/GathererImageGatherer

Builds a database of Magic the Gathering card images with card name, set, and perceptual hash of artwork.

Primary LanguagePythonMIT LicenseMIT

GathererImageGatherer

This project downloads all the card images from gatherer.wizards.com and saves them in the folder cardImages/ with their name and set.

The images can be used to build a database of perceptual hashes. Since each card artwork has a unique perceptual hash, they can be compared with perceptual hashes of a card in a picture to identify them. If a card is identified, the information can be input into http://shop.tcgplayer.com/magic for the user to quickly get the price.

Dependencies

To run these programs you will need the python libraries BeautifulSoup, requests, imagehash, PIL, and psycopg2.

    $> pip install -r requirements.txt
    or
    $> conda env create -f environment.yml
    git clone https://github.com/eulerto/pg_similarity.git
    cd pg_similarity/
    USE_PGXS=1 make
    USE_PGXS=1 make install

In postgres:

    CREATE EXTENSION pg_similarity;

Use

Download Images

    python scrapeImages.py

This downloads all the card images from http://gatherer.wizards.com/Pages/Default.aspx and saves them in the folder cardImages/ with their name and set.

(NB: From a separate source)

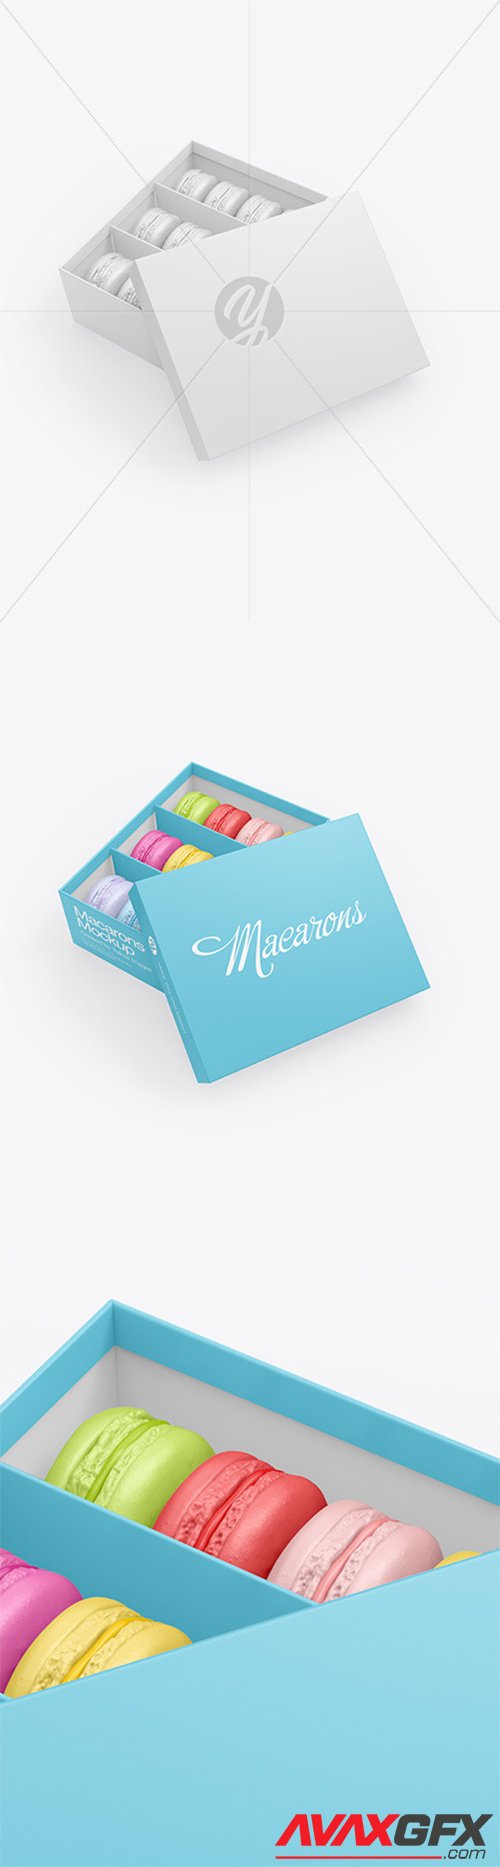 Opened Paper Box With Macarons Mockup 65626

The folder of pictures ends up being 1.21 GB and it takes about 25 minutes to download.

Setup The Database

Once postgres is installed, create a database and table needed for the python script.

    psql
    create database cardimages;
    \c cardimages
    create table phash(name text, set text, hash text);

Build The Database

    $> python buildDatabase.py

Populates a postgresql database with card name, set, and a perceptual hash of the artwork from the images downloaded with scrapeImages.py

Test A Card

    $> python queryDatabase.py

TODOs

  • Reorganize folders
  • Add Docker-Compose to develop without installing Postgres locally
  • Add a license (i.e. MIT)
  • Refactor the output paths to download
  • Add a way to resume downloads and avoid repetitions
  • Add a way to download from another sources (like ebay or google)
  • Refactor the way to download files creating a subfolder by card
  • Merge several ways to build the dataset
  • Test all python scripts to check function after route refactor
  • Finish Makefile
  • Add a way to automatically launch sql script once
  • Update README with makefile and new sections
  • Add a notebook example